Multi-chain vs single-chain

I am having some trouble understanding the point of having multiple chains in Stan. According to this link here: Multithreading comes to Stan which I got from this thread: Hardware Advice, I got the idea that multi-chain sampling was used for faster convergence and that using more than 4 chains does not yield any significant performance gain.

However, from this post: Multicore Speedups are different between models - #8 by betanalpha, it is stated that mutliple chains are used for comparison with R-hat to see if there are divergences among chains to figure out the validity of the chains and decide if the sampler can handle a given model.

So, I want to know why does Stan use 4 chains by default. Is there a benefit to using multiple chains over single chain ?

Thanks

The first link you provide is mostly about multithreading within chains, where you are using multithreaded processing within a single chain. This is a way to speed up the evaluation of individual chains, but is separate from the process of running multiple chains. In particular, the graph in the post is about the number of threads per chain, showing a plateau when the author runs 4 threads per chain for 4 chains; which is rightfully explains as plateauing since his computer has 16 cores.

There are a number of benefits to running multiple chains, but I’ll just share a primary one:

Multiple chains enable diagnostics such as R-hat to allow us to probe the validity of the sampler. The goal of any MCMC method is to generate samples from the target distribution \pi(\theta); however, we can’t ever really know in general whether our Markov chain has reached stationarity, i.e. the samples are from \pi(\theta). We have some theorems in our back pocket that tell us the samples will be asymptotically valid, but we are never in that asymptotic regime so we have to use heuristics and diagnostics to justify whether our samples are from \pi(\theta).
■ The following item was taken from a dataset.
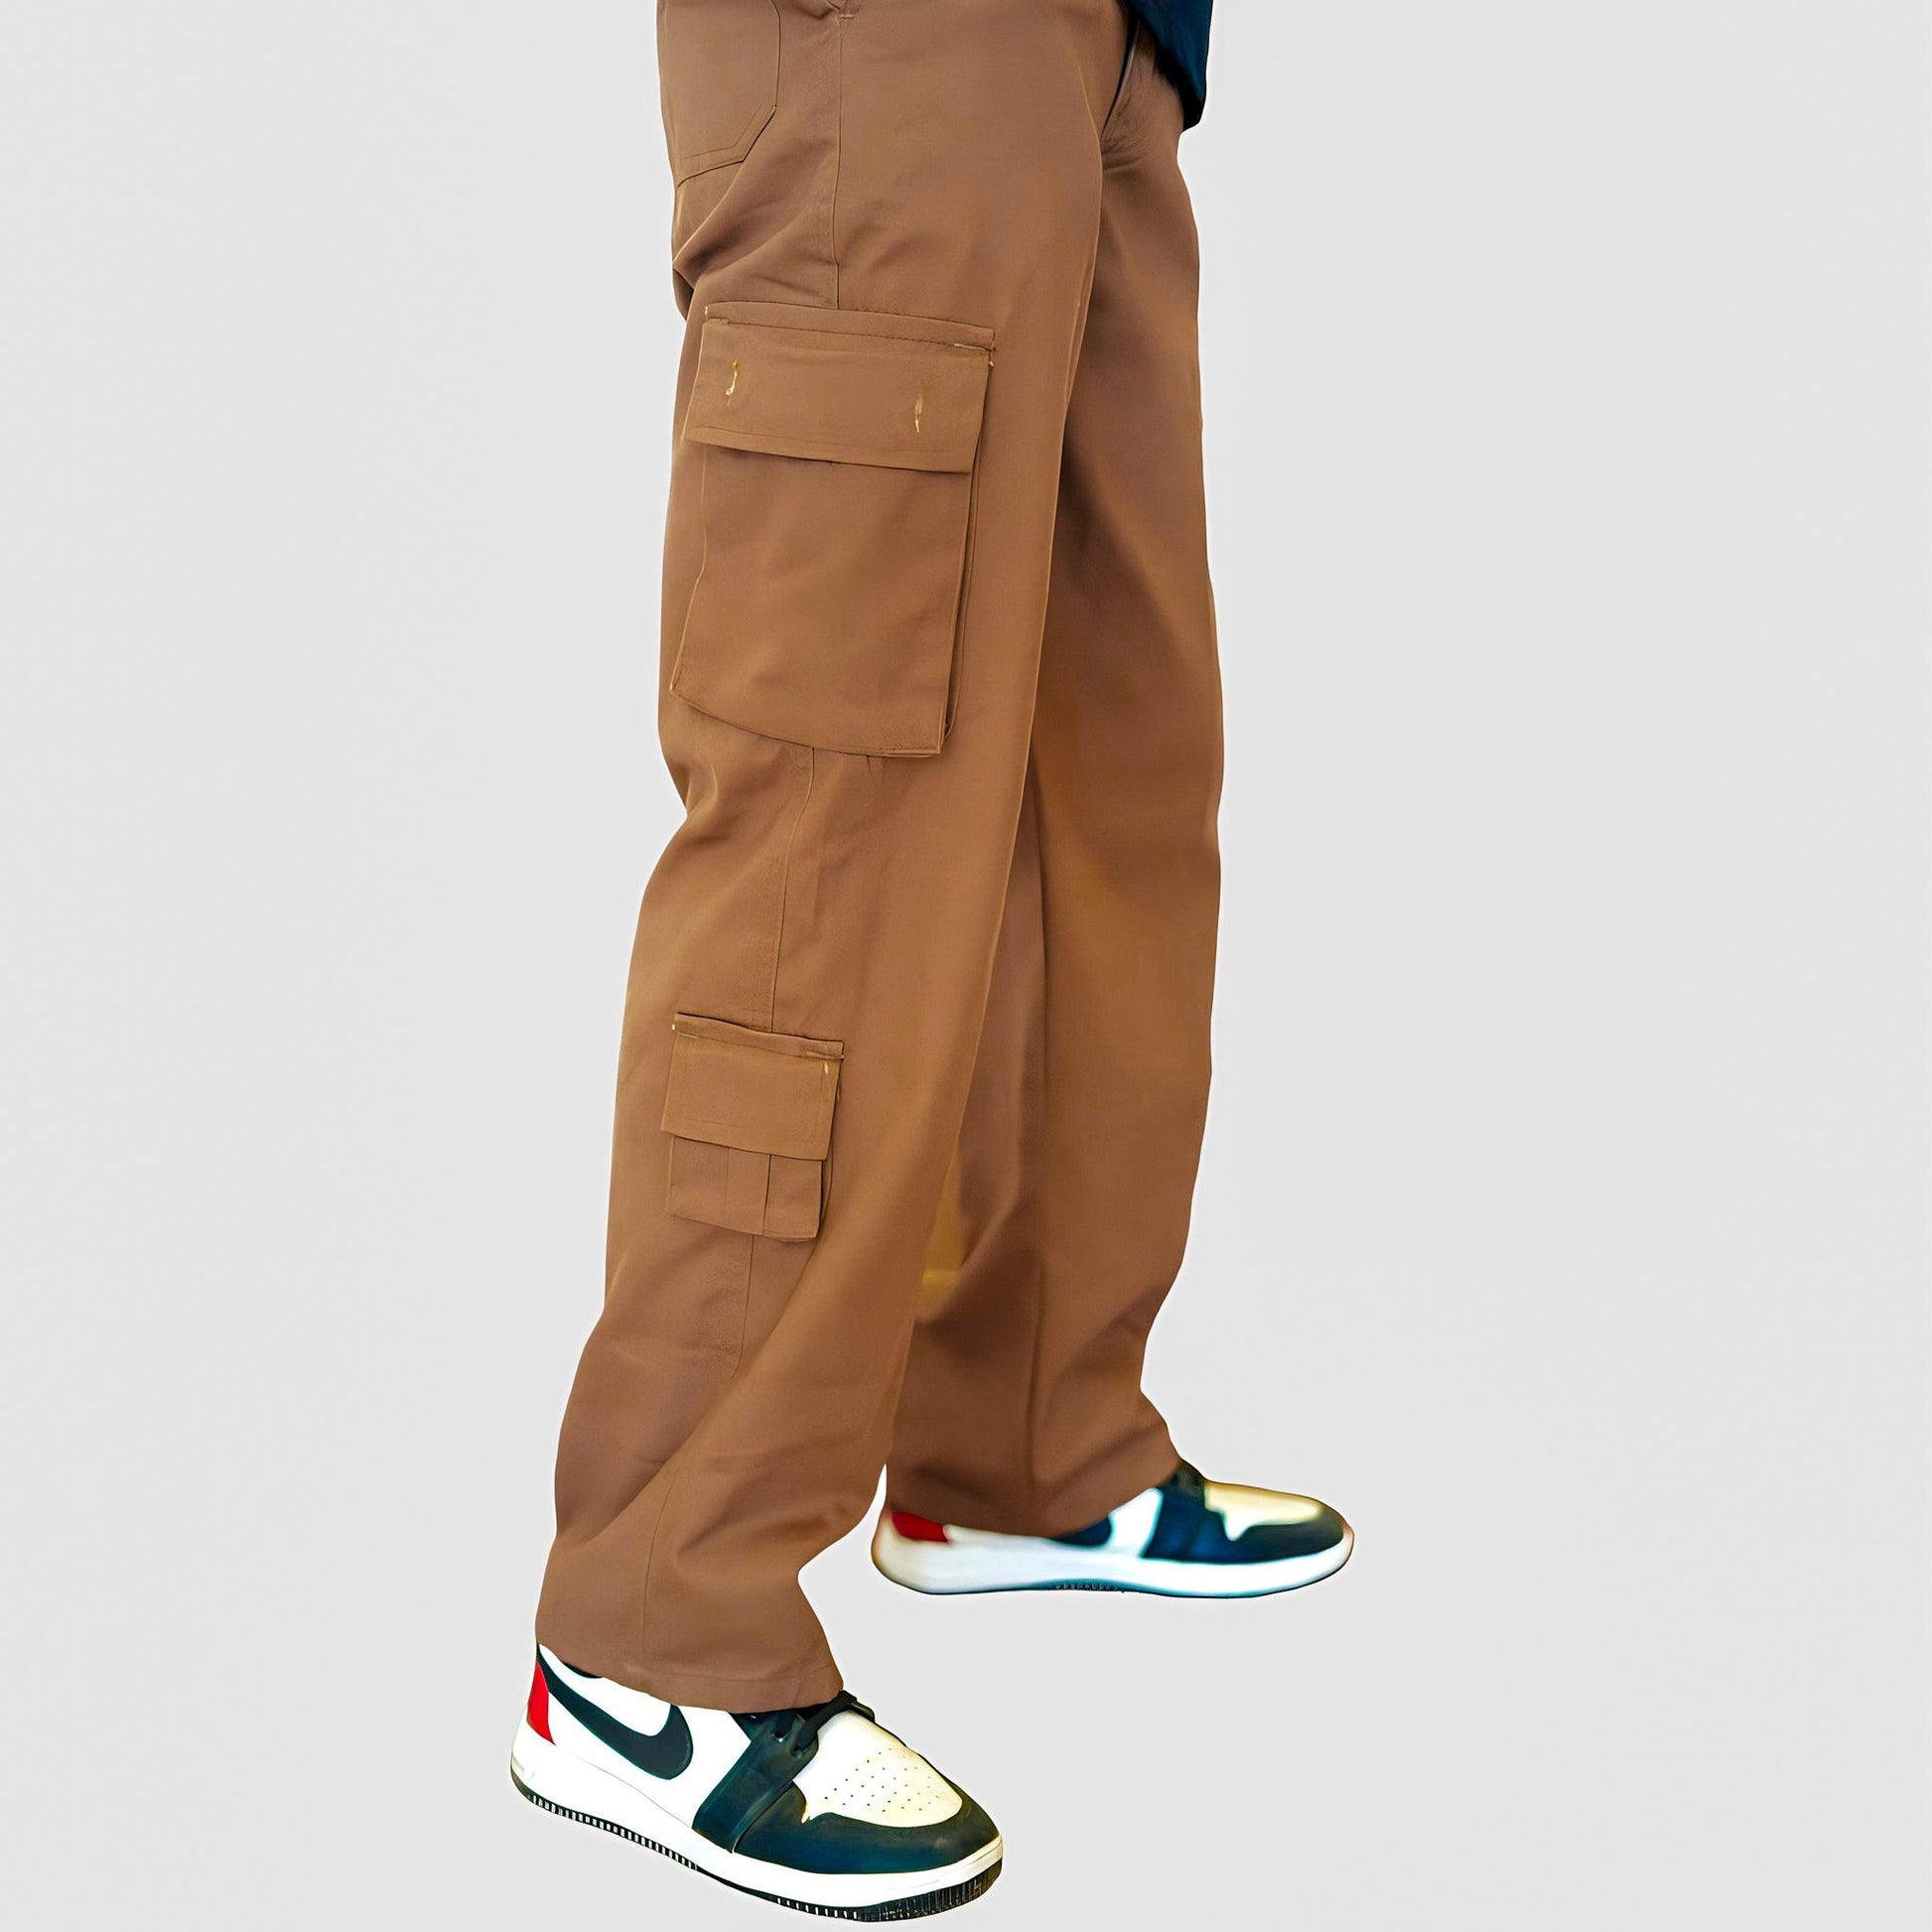 Female Olive Green Cargo Trousers (6 pockets) – Loopster

One method to do this is to run multiple chains and observe whether or not they have mixed. We initialize multiple chains from different points and if after some time it looks like all of the chains are generating samples from the same distribution, we can take this as a signal that all the chains have reached the same stationary distribution. R-hat measures this mixing behavior, where \hat{R} \approx 1 provides evidence in favor of mixing. Granted, in the presence of multimodal distributions even this is not necessarily a guarantee, but it’s a good start.

So by using multiple chains, Stan gives us additional information that let’s us better make the decision to trust the samples or not.

As to why the default is 4 chains, I imagine there’s some history there I’m unaware of. At the very least 4 core CPUs are fairly standard in most machines, so it seems like a reasonable baseline.

6 Likes

As the number of chains is available as an argument in cmdstan, the user is allowed to specify how many chains is desirable. How do you know what is the optimal number of chains to use ?

Is it also fair to say that the more chains you run, the better your confidence that the sampler can handle the model ?

Absent any resource constraints, it is certainly the case that having more chains makes for more accurate/informative diagnostics, but it’s a non-linear function with diminishing returns.

There really isn’t a single answer to this, as what one “should” do really varies by contextual factors such as time/cpu constraints, real-world consequences of inferential errors, model complexity, etc.

When models warmup & sample quickly, then there’s little cost to doing more chains; I have a system with 8 physical cores, so I usually do 8 chains and if warmup on each has achieved similar adaptation and the sample diagnostics all pass, I’m usually more than satisfied.

But occasionally I have more beastly models that take a considerable amount of time to compute per iteration, and I’ve been burned by trying to sample in parallel chains only to discover days later that the diagnostics fail, usually because there’s something subtle in my model specification that is off and needs re-thinking. For these scenarios, I’ve started doing a one-chain-at-a-time approach where I do as much within-chain parallelization as possible and make sure that a single chain can at least yield passing within-chain diagnostics before running a second chain, etc. I’m additionally working on live diagnostics during warmup & sampling (the latter being more straightforward) to permit even earlier detection of poor performance indicative of model misspecification. But given a series of such serial chains continuing to pass all diagnostics, I’d usually feel comfortable stopping after 8 or so chains, but that’s not based on any particularly rigorous determinations of time-accuracy trade-offs.

1 Like

Also, on:

When you use real data, the diagnostics can fail either because the sampler can’t handle the model (ex. multi-modal posteriors in the case of HMC), or because the model as specified doesn’t accurately reflect the essentials of the true process by which the data came to be, or both. To narrow focus to whether the sampler can handle the model, you can use the model to repeatedly generate fake data and sample as if it were real data, a procedure known as Simulation Based Calibration. If SBC passes yet your diagnostics on real data don’t, that’s a strong signal that your model is misspecified.

Thanks for the info @mike-lawrence ! I just have another question:

but it’s a non-linear function with diminishing returns.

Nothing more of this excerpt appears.